What is a Transaction Deposit?
A transaction deposit is a type of bank deposit. This type of deposit is liquid, which means the person who makes a transaction deposit may access his money without delay or restrictions. For example, a deposit into a checking account is usually a transaction deposit. A person with this type of account can withdraw against his deposit whenever he wants to as long as the funds are available. A savings account, on the other hand, may restrict the number or amount of withdrawals a person may make or institute a waiting period for accessing funds and may not be considered a transaction deposit account.
A person who has a transaction deposit account may use it in a number of ways. He may initiate electronic transfers of the funds in his account or even set up automatic withdrawals of the money. Often, withdrawals can be made from these accounts using telephone authorizations as well. A person who has this kind of account may write checks on the money held within it, use other types of instruments to withdraw his money, or use the money in his account to pay others electronically. In contrast, some accounts limit users to six or fewer transfers or withdrawals per month and may have strict limitations for withdrawals from automatic teller machines or payments using a debit card. These accounts are often labeled as savings deposits rather than transaction deposits.
It is worth noting that having a transaction deposit doesn’t always mean the account holder has 100-percent access to his money. For example, a bank may hold the depositor’s check for one or more business days while making sure the funds will be paid by the paying bank. In some cases, the bank may allow the depositor to withdraw a percentage of the deposit or a predetermined amount while waiting for the check to clear. In the case of longstanding accounts, the wait time for fund release may be much shorter. In spite of these check holds, the money in these accounts is still considered liquid.
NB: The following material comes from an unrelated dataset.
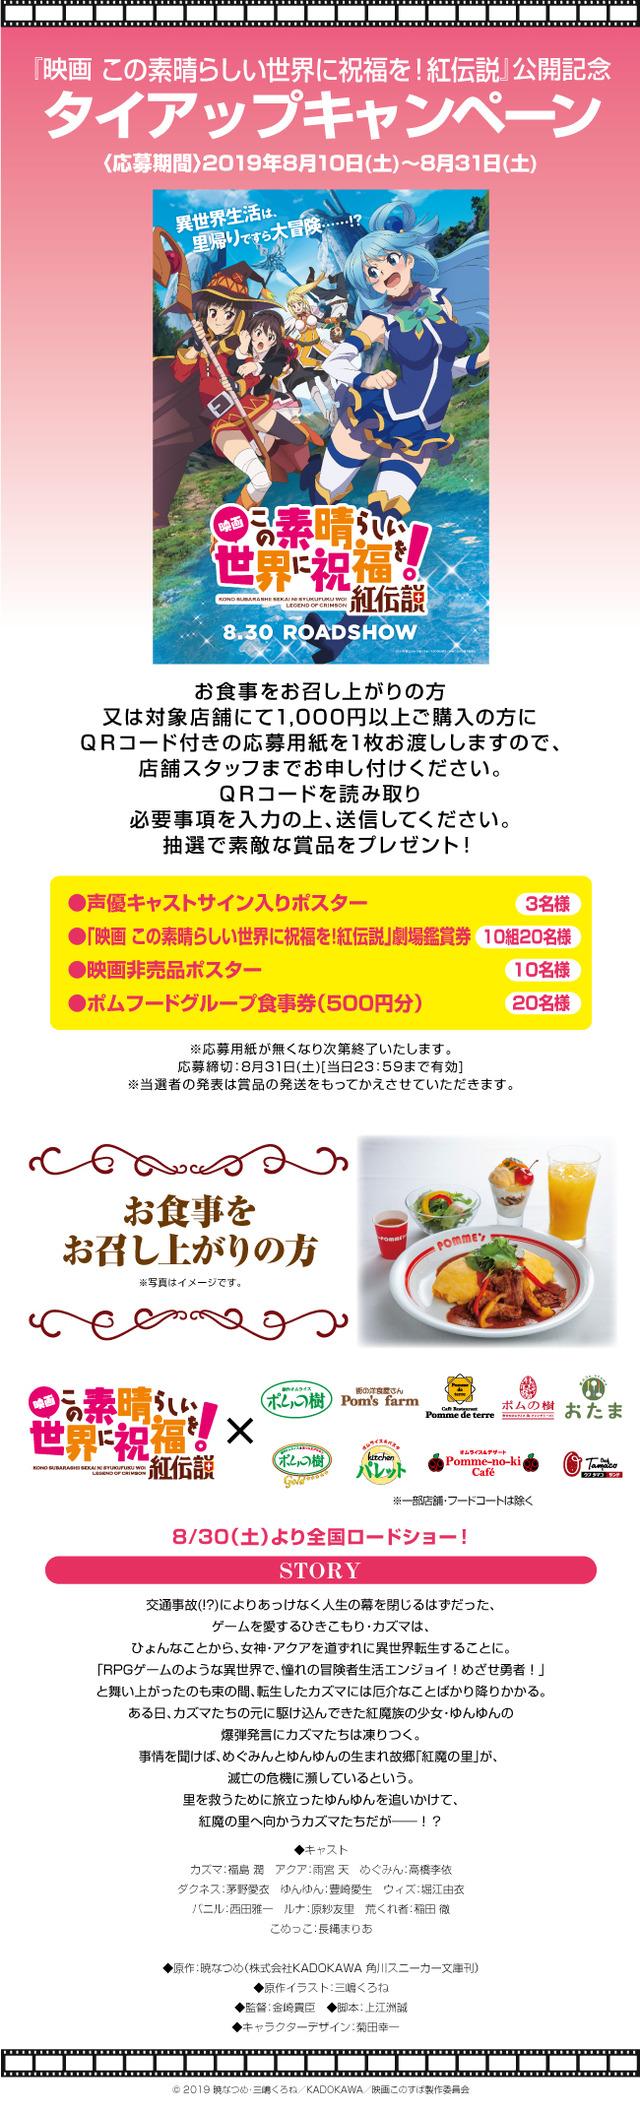 tie-up_20190830konosuba_2

While savings deposit accounts typically place restrictions on when and how account holders can access their money, this doesn’t mean account holders are stuck if they need to exceed transaction limits or restrictions. In some cases, the bank will process additional transactions but charge the account holder a fee for doing so. For example, it may charge a small fee if the account holder makes more than six automatic teller machine (ATM) withdrawals in one month.
In April, I opened a new checking and savings account with Wells Fargo by depositing $60,000. Although I was told my own money would not be available for two full weeks, is that legal? Within two business days, the checks I deposited were paid to Wells Fargo by my previous banking institution. For what legal reason, or what legal right, does a federally insured US bank have, to put a hold on one's funds after they become available?